* TASK TO COMPLETE:
Write the listing below out again exactly, dropping the images.

* SUPPLIED DATA:

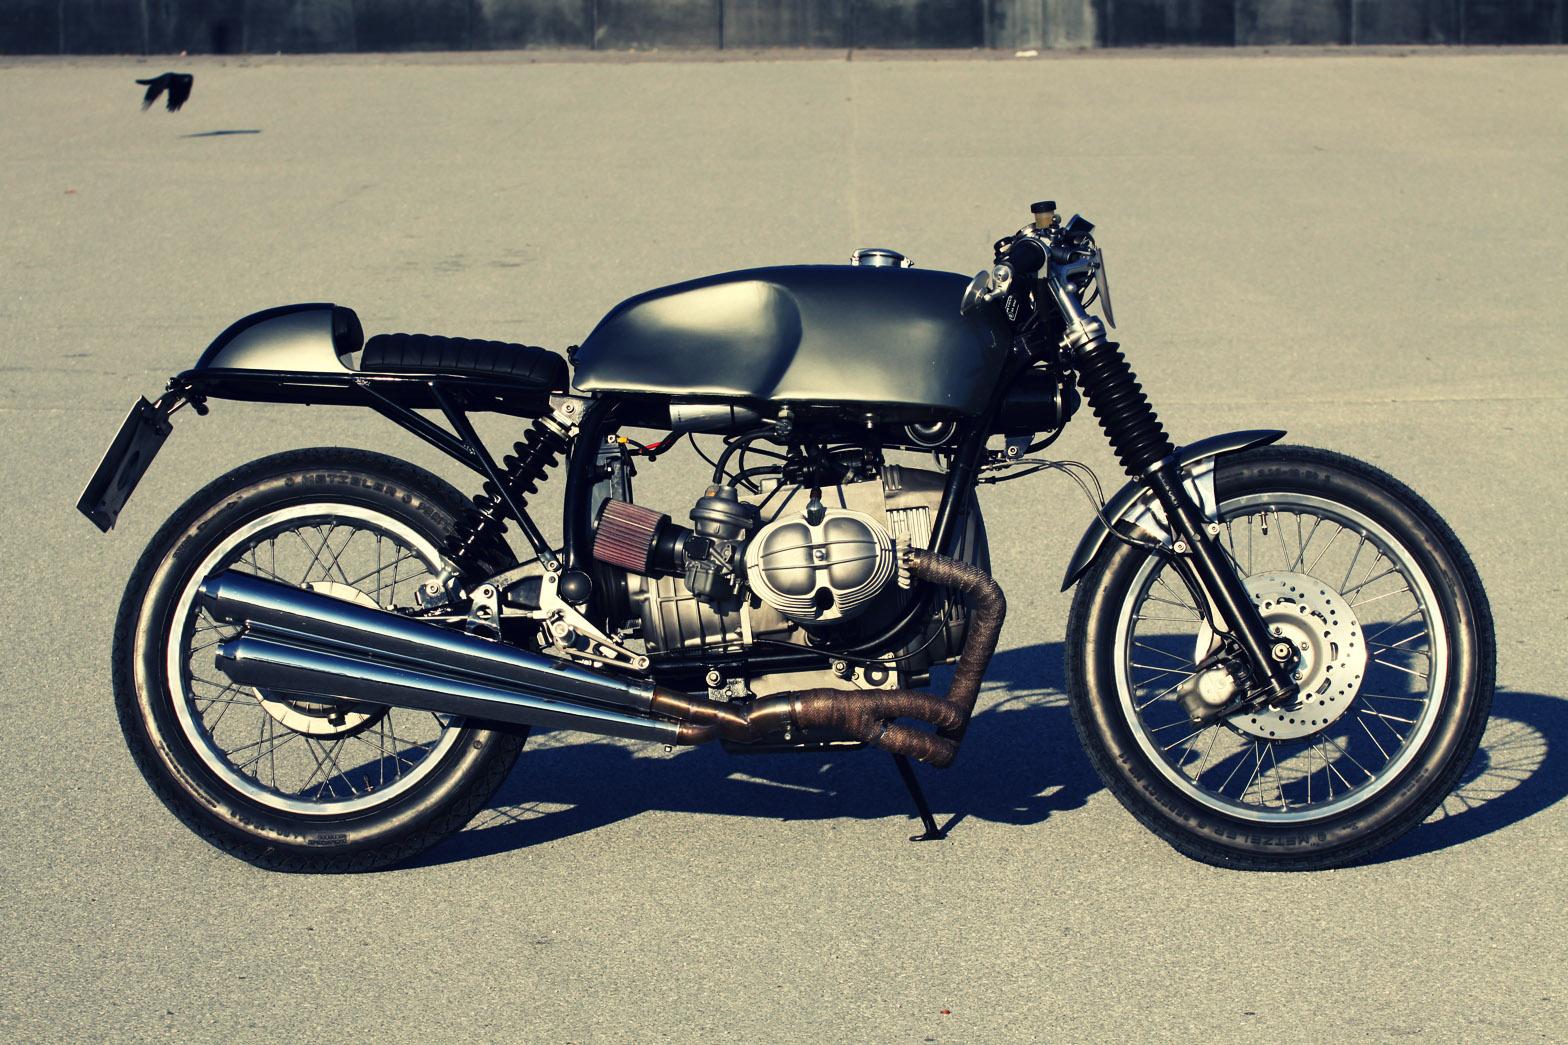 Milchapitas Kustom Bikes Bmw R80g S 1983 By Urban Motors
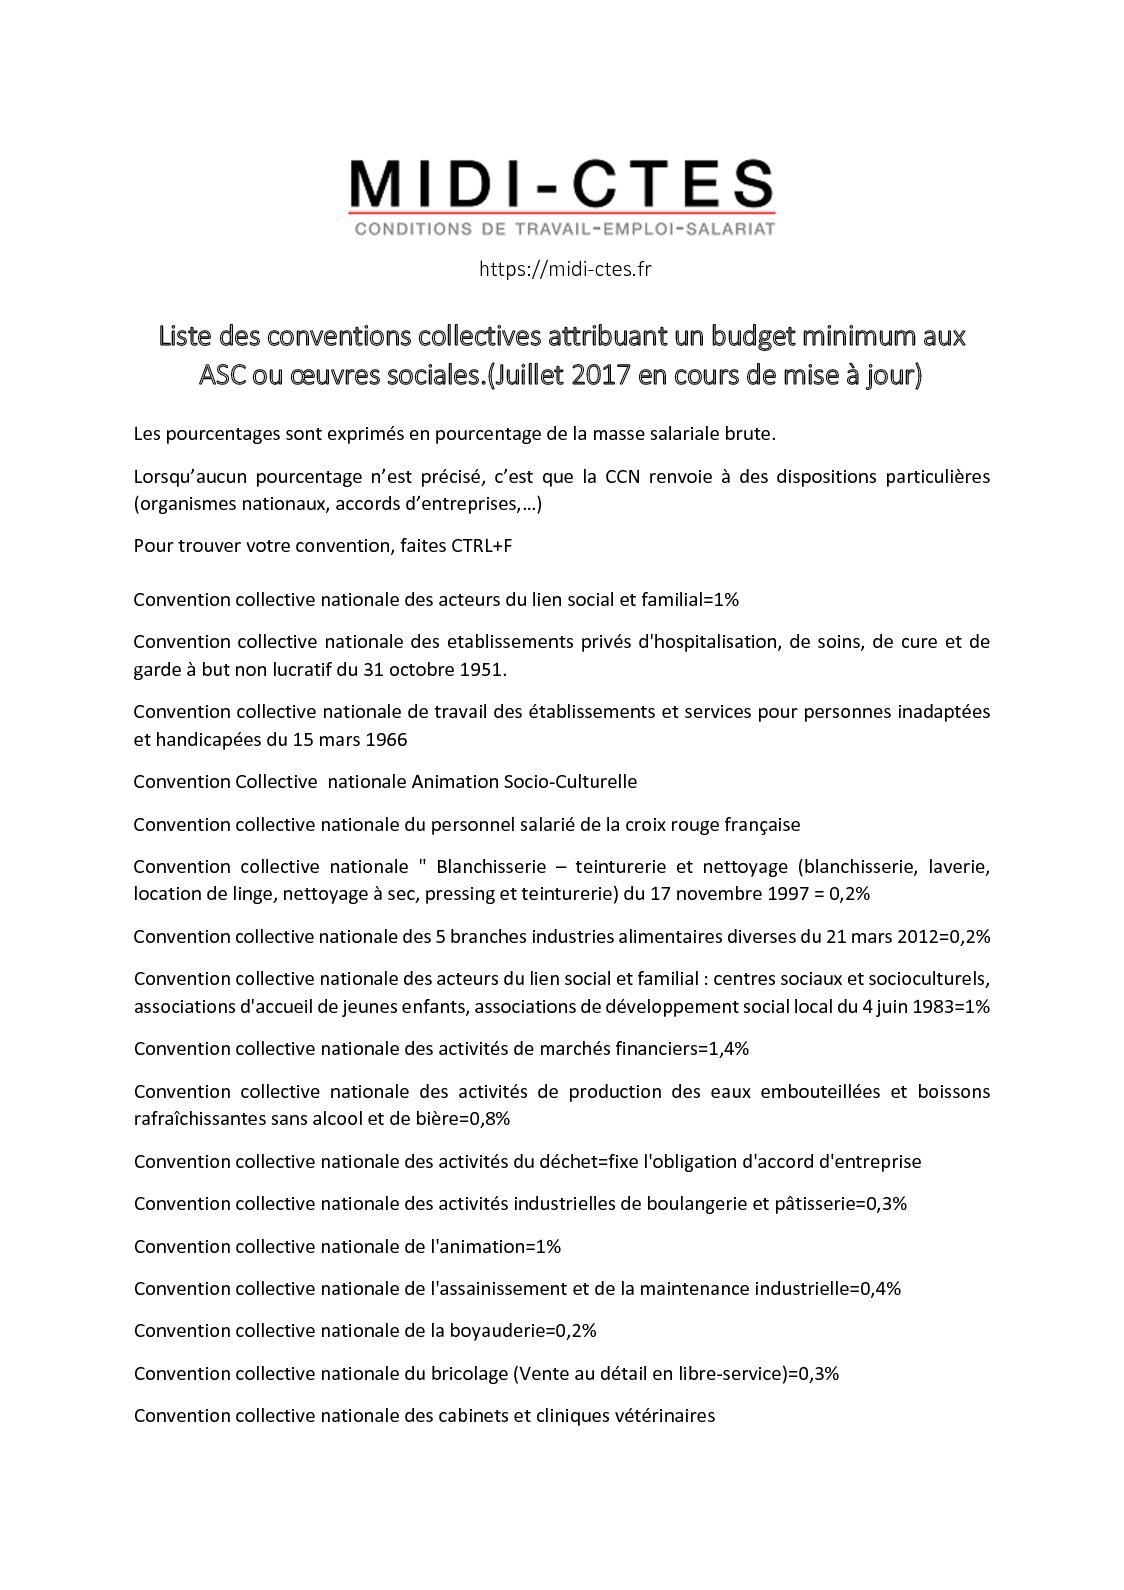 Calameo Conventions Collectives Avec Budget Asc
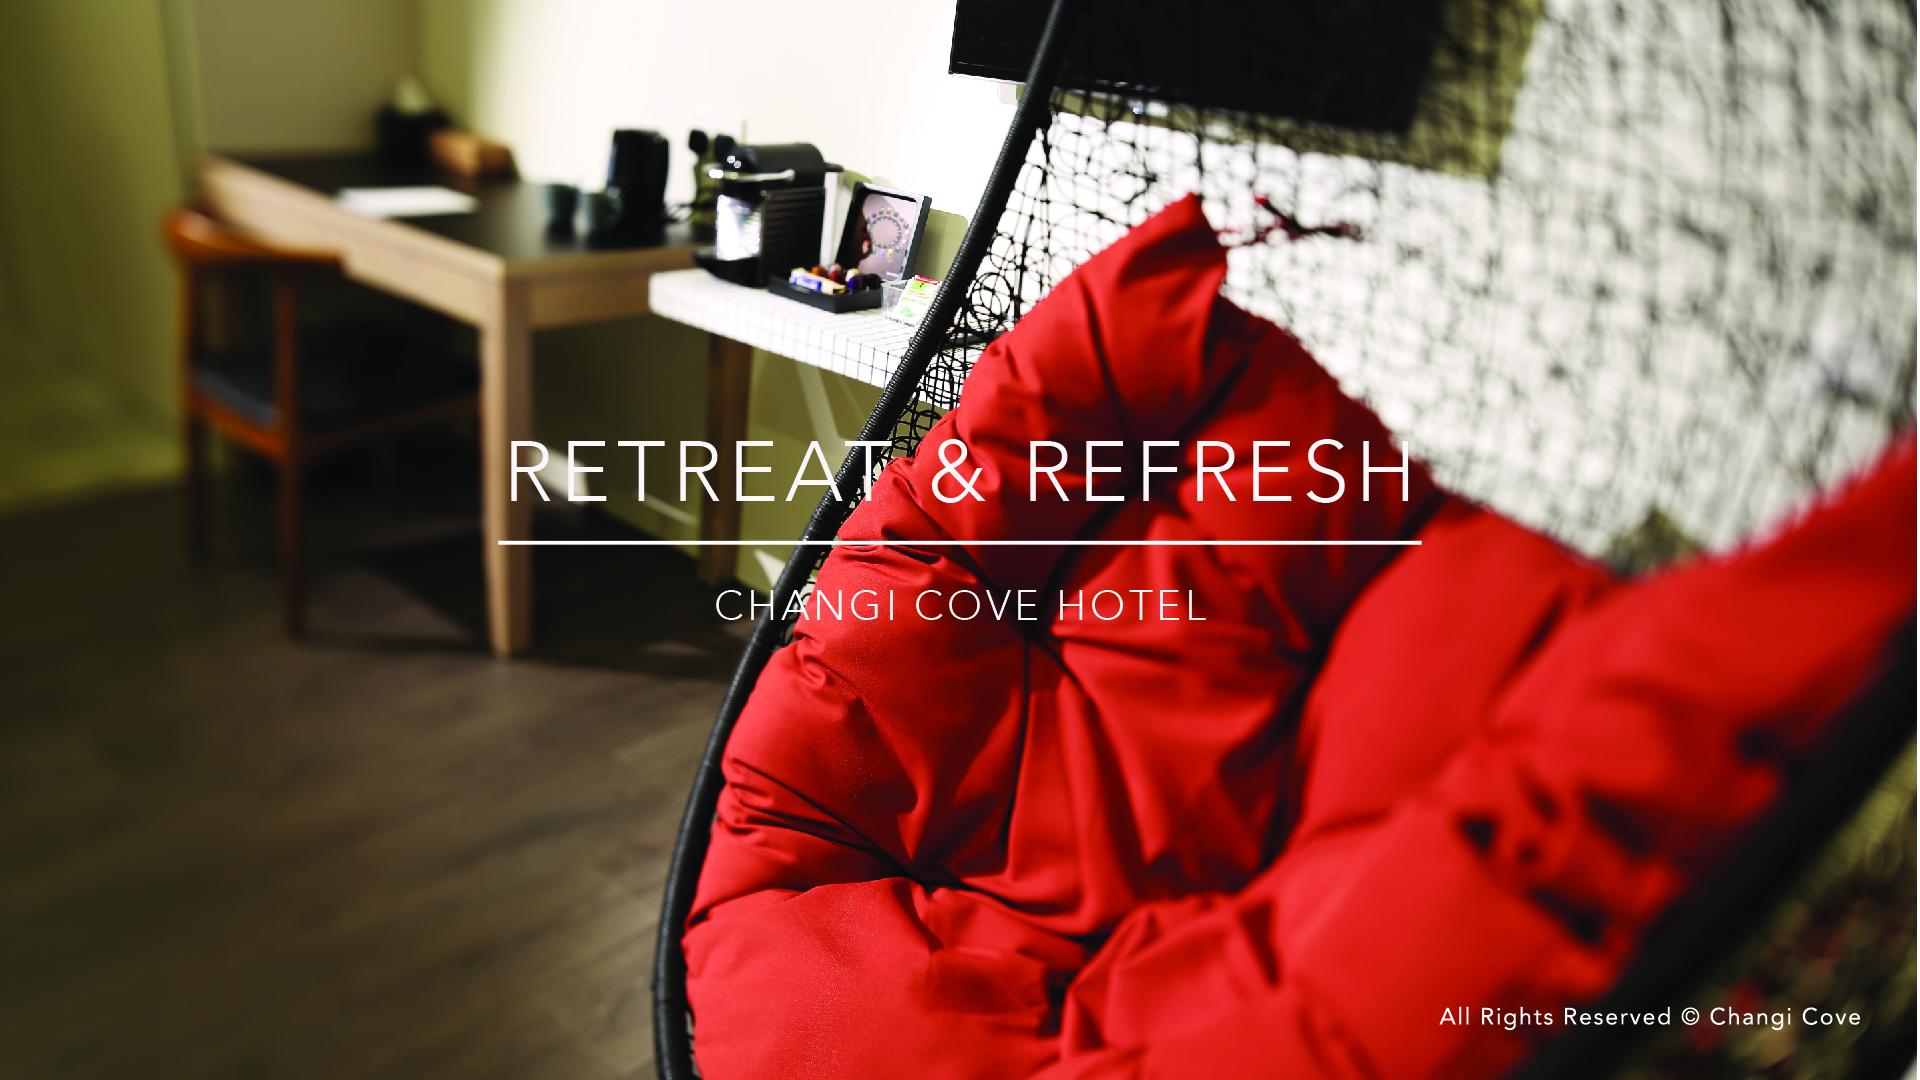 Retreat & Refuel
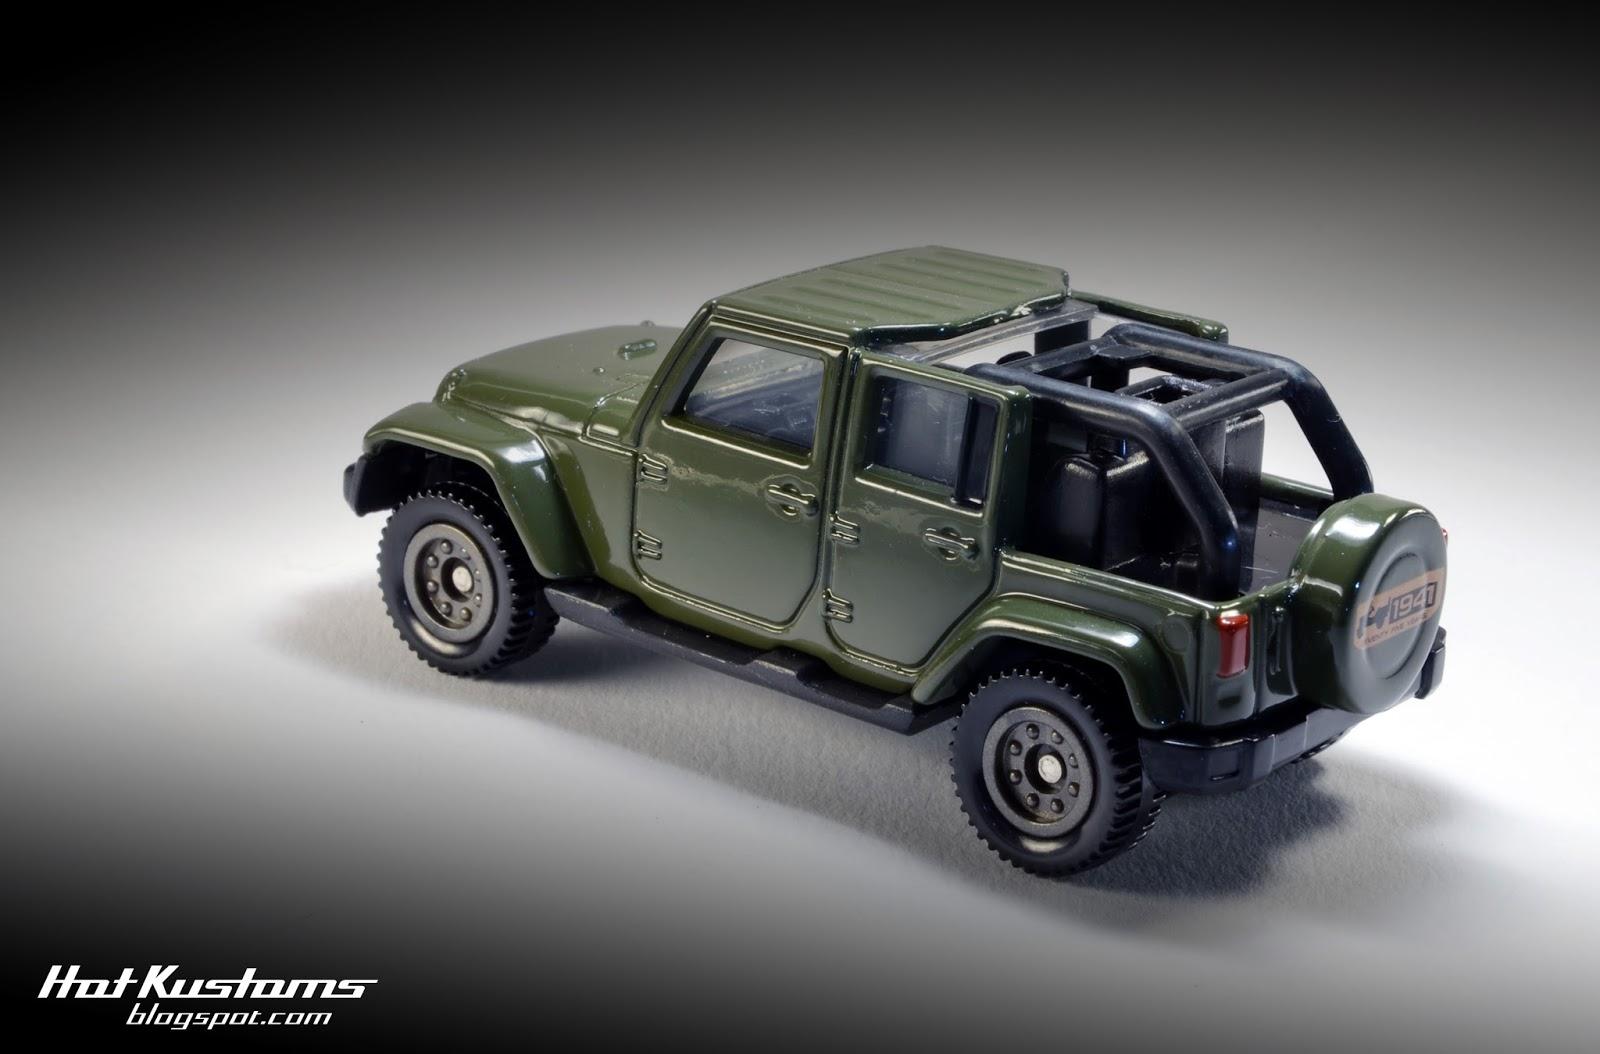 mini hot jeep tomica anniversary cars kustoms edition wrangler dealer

* SOLUTION TO THE PROBLEM:
 Milchapitas Kustom Bikes Bmw R80g S 1983 By Urban Motors
 Calameo Conventions Collectives Avec Budget Asc
 Retreat & Refuel
 mini hot jeep tomica anniversary cars kustoms edition wrangler dealer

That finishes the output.